Analysis of alternatives
The 3 available alternatives are
1. Maintain Status Quo, ie, BTC prices at $4 while C & P prices at $3. In this scenario C & P enjoys major
market share while not making good profit margins where as BTC while losing their market share they
are able to cover their costs and claim profits through higher price. This also doesnt result in shrinkage
of the market size
2. BTC reduces its price to $3. In this scenario BTC will mostly regain their market share but may not be
able to cover their costs through the price. There is no loss of market size in this scenario.

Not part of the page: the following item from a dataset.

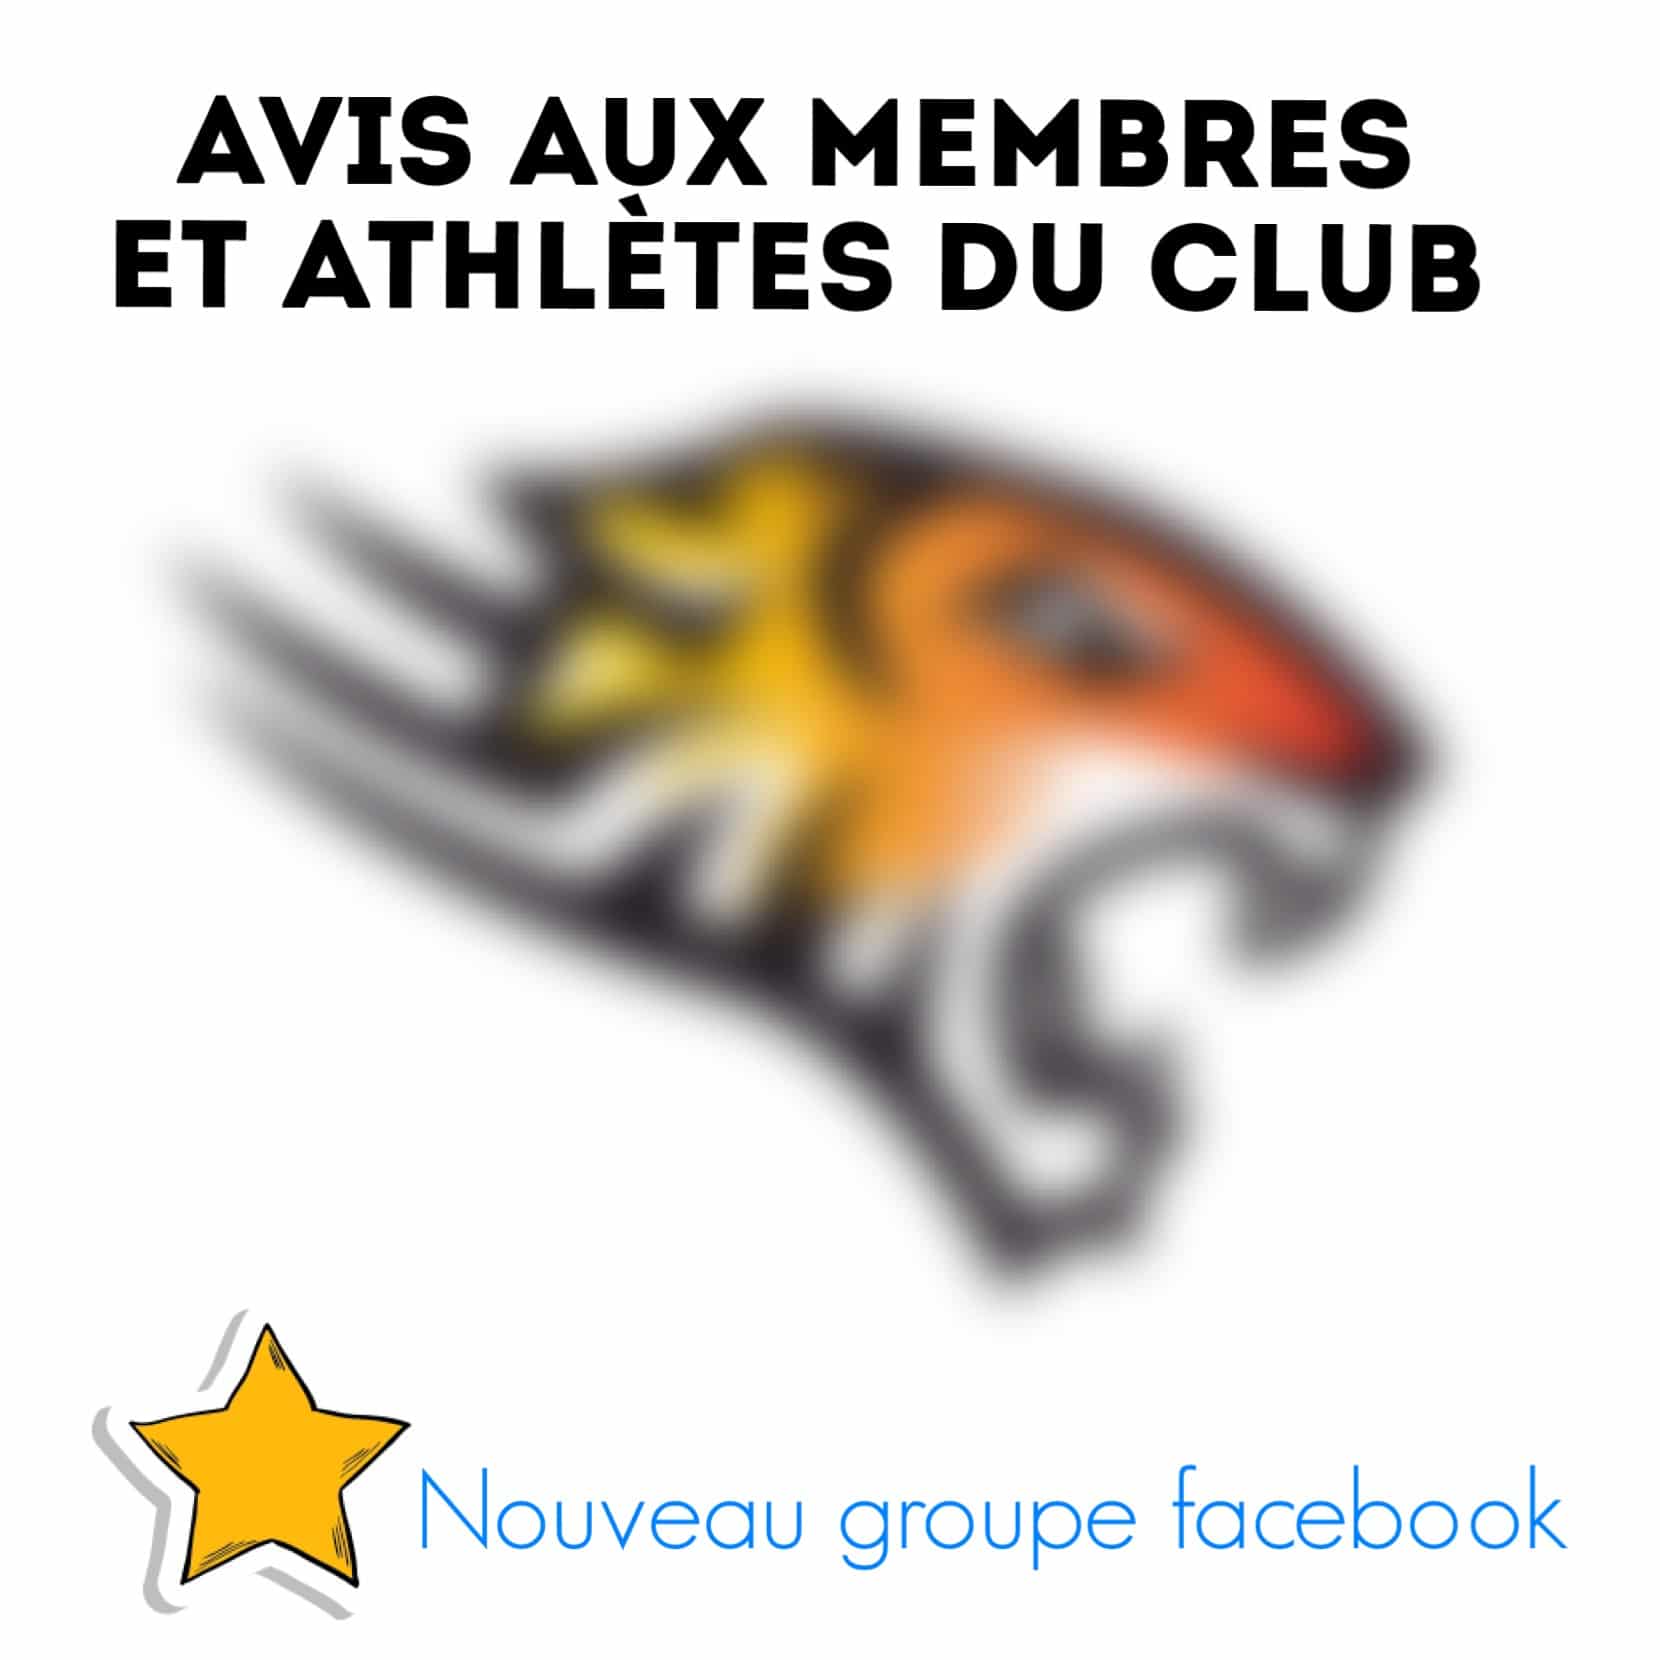 Groupe Facebook pour les membres et athlètes du club

3. C & P raises their price to $4. This will result in market shrinkage by 20% . Both players will enjoy
greater profit margins in this scenario. But both players raising their prices simultaneously may be
regarded as collusion and deemed illegal.
Cost Analysis
The relevant costs to be considered while calculating the contribution to profits of T-30 are
Direct Labor
Material.
Material Spoilage.
Direct Department Expense
Expenses that are not related to the scale of production of T-30 can be excluded. Also the expenses that
have been allocated to cover costs which are common to other items can be excluded.
Following 1st Alternative
From Exhibit 2 we find that at production level of 75,000 units the relevant costs for BTC are:-
Direct Labour $0.80
Material $0.40
Material Spoilage $0.04
Direct Dept Exp $0.12
Total Relevant cost $1.36
Price $4
Contribution $2.64
Total contribution = 75000*2.64= $198,000
For C & P corresponding production =150,000
Direct Labour $0.74
Material $0.40
Material Spoilage $0.038
Direct Dept Exp $0.1
Total Relevant cost $1.278
Price $3
Contribution $1.722
Total Contribution $258,300
Following 2nd Alternative
From Exhibit 2 we find that at production level of 125,000 units the relevant costs for BTC are:-
Direct Labour $0.76
Material $0.40
Material Spoilage $0.038
Direct Dept Exp $0.1
Total Relevant cost $1.298
Price $3
Contribution $1.70
Total contribution = 125000*1.70= $212,750
For C & P corresponding production =100,000
Direct Labour $0.78
Material $0.40
Material Spoilage $0.040
Direct Dept Exp $0.112
Total Relevant cost $1.332
Price $3
Contribution $1.67
Total Contribution $166,800
Following 3rd Alternative
Due to 20% shrinkage of market size the production level of BTC will be 100,000. Corresponding relevant
costs for BTC are:-
Direct Labour $0.780
Material $0.40
Material Spoilage $0.04
Direct Dept Exp $0.112
Total Relevant cost $1.332
Price $4
Contribution $2.67
Total contribution = 100,000*2.67= $266,800
C & P corresponding production =80,000
Direct Labour $0.8
Material $0.40
Material Spoilage $0.040
Direct Dept Exp $0.112
Total Relevant cost $1.352
Price $4
Contribution $2.648
Total Contribution 80,000*2.648=211,840
Conclusion
From the analysis we find that the combined profit of the firms is maximum when both firms go for a
price of $4. This may be regarded as collusion because the firms are required to set their prices
independently and a simultaneous rise in prices may lead to legal action.
Moreover, we see that C&P obtains maximum profits when it lists a price of $3 and BTC prices at $4.
Hence it is highly unlikely that C&P increase their price to $4. So, in-order to increase the overall
contribution BTC should reduce their price to $3.